Campaign          object
campaignid       float64
Campaign_name     object
Cost              object
Month             object
Year & month      object
dtype: object

Attempts尝试

Attempt #1:尝试#1：

all_vendors.Cost.sum()

Results in:结果是：

TypeError: can only concatenate str (not "float") to str TypeError：只能将str（不是“float”）连接到str

Attempt #2:尝试#2：

all_vendors.Cost.astype(str)
all_vendors.Cost.sum()

Results in:结果是：

TypeError: can only concatenate str (not "float") to str TypeError：只能将str（不是“float”）连接到str

Attempt #3:尝试#3：

all_vendors.Cost.astype(float)
all_vendors.Cost.sum()

Results in:结果是：

ValueError: could not convert string to float: '100' ValueError：无法将字符串转换为浮点数：'100'

Answer 1

Your problem is that you're not reassigning your astype call back to your DataFrame :您的问题是您没有将astype调用重新分配给您的DataFrame ：

import pandas as pd

data = {
  "id": ['1,515','1,515','1,515','1,515','1,515'],
  "cost": ['1,000','1,000','1,000','1,000','1,000']
}

all_vendors = pd.DataFrame.from_dict(data)

all_vendors['cost'] = all_vendors.cost.str.replace(',','').astype(float)
print(all_vendors.cost.sum())
# Output: 500

As mentioned in the comments, use str.replace to remove any commas you have in your strings如评论中所述，使用str.replace删除字符串中的任何逗号

Answer 2

you first need to convert dataframe to float to be able to add numbers with decimals, for them you use DataFrame.astype您首先需要将 dataframe 转换为浮点数，以便能够添加带小数的数字，对于它们，您使用DataFrame.astype

import pandas as pd
g = pd.DataFrame({"id": ["1515"], "cost": ["100"]})
b = pd.DataFrame({"id": ["1515"], "cost": ["100"]})
f = pd.DataFrame({"id": ["1515"], "cost": ["100"]})
c = pd.DataFrame({"id": ["1515"], "cost": ["100"]})
o = pd.DataFrame({"id": ["1515"], "cost": ["100"]})
all_vendors = pd.concat([g, b, f, c, o])

if you have ',' in your string, then you need:如果你的字符串中有'，'，那么你需要：

all_vendors['cost']=all_vendors['cost'].str.replace(',','')

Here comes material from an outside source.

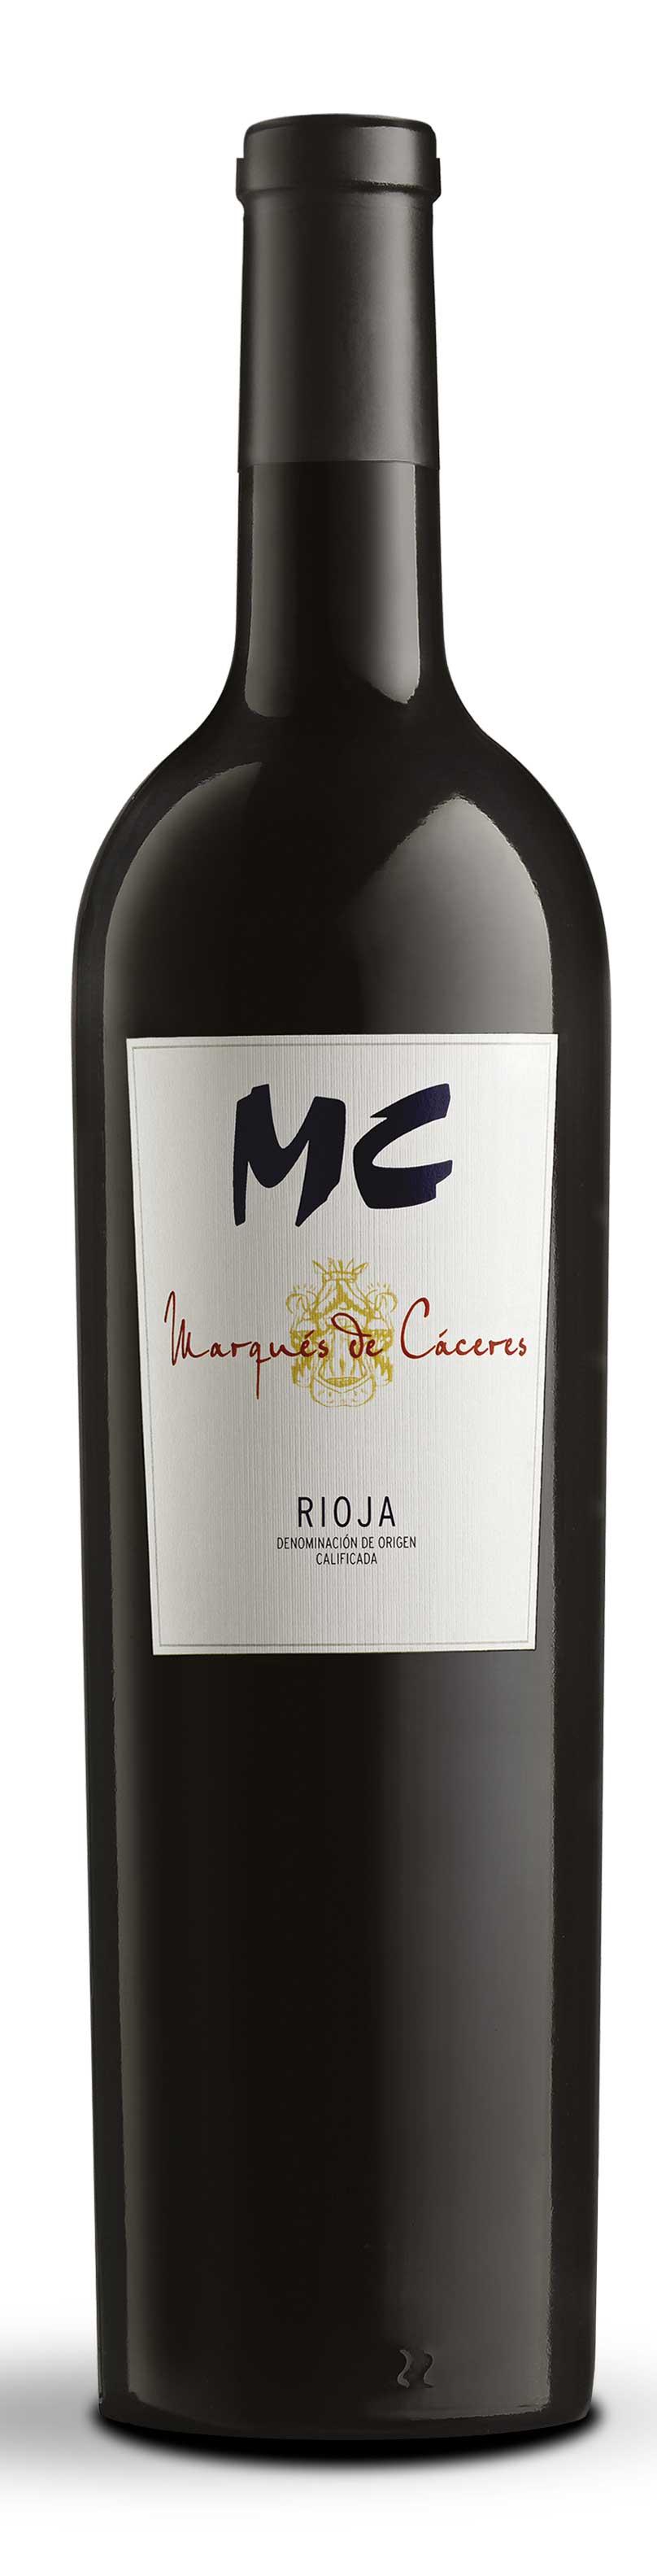 MC ( Bodegas Marqués de Cáceres ) 2013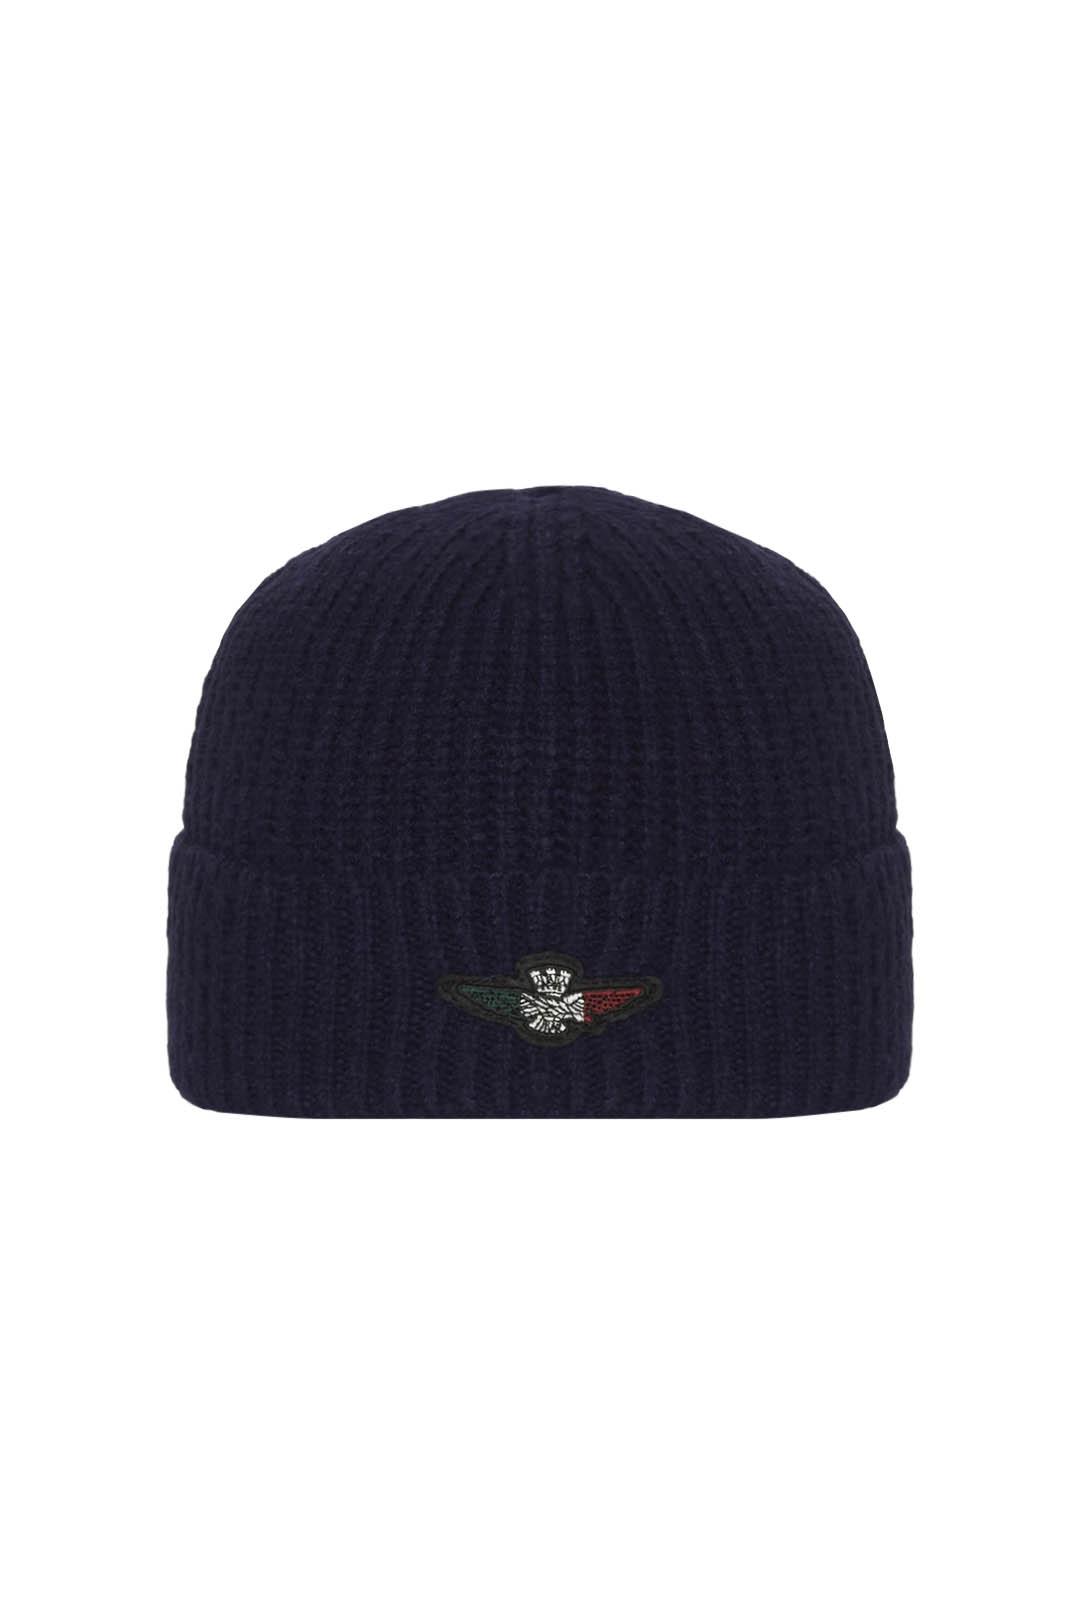 Knit cap with tricolor eagle patch       1

Then you calculate the sum:然后计算总和：

all_vendors.astype(float).cost.sum()

Output: Output：

500.0

if you want to work with the float type data frame you need to assign it:如果要使用浮点类型数据框，则需要分配它：

all_vendors2=all_vendors.astype(float)
all_vendros2.cost.sum()

Output: Output：

Answer 3

I got this to work on my end with a value of 500:我得到了这个值500的工作：

df_list = [pd.DataFrame(data={"id": ["1515"], "cost": ["100"]}) for i in range(5)]
pd.concat(df_list).cost.astype(float).sum()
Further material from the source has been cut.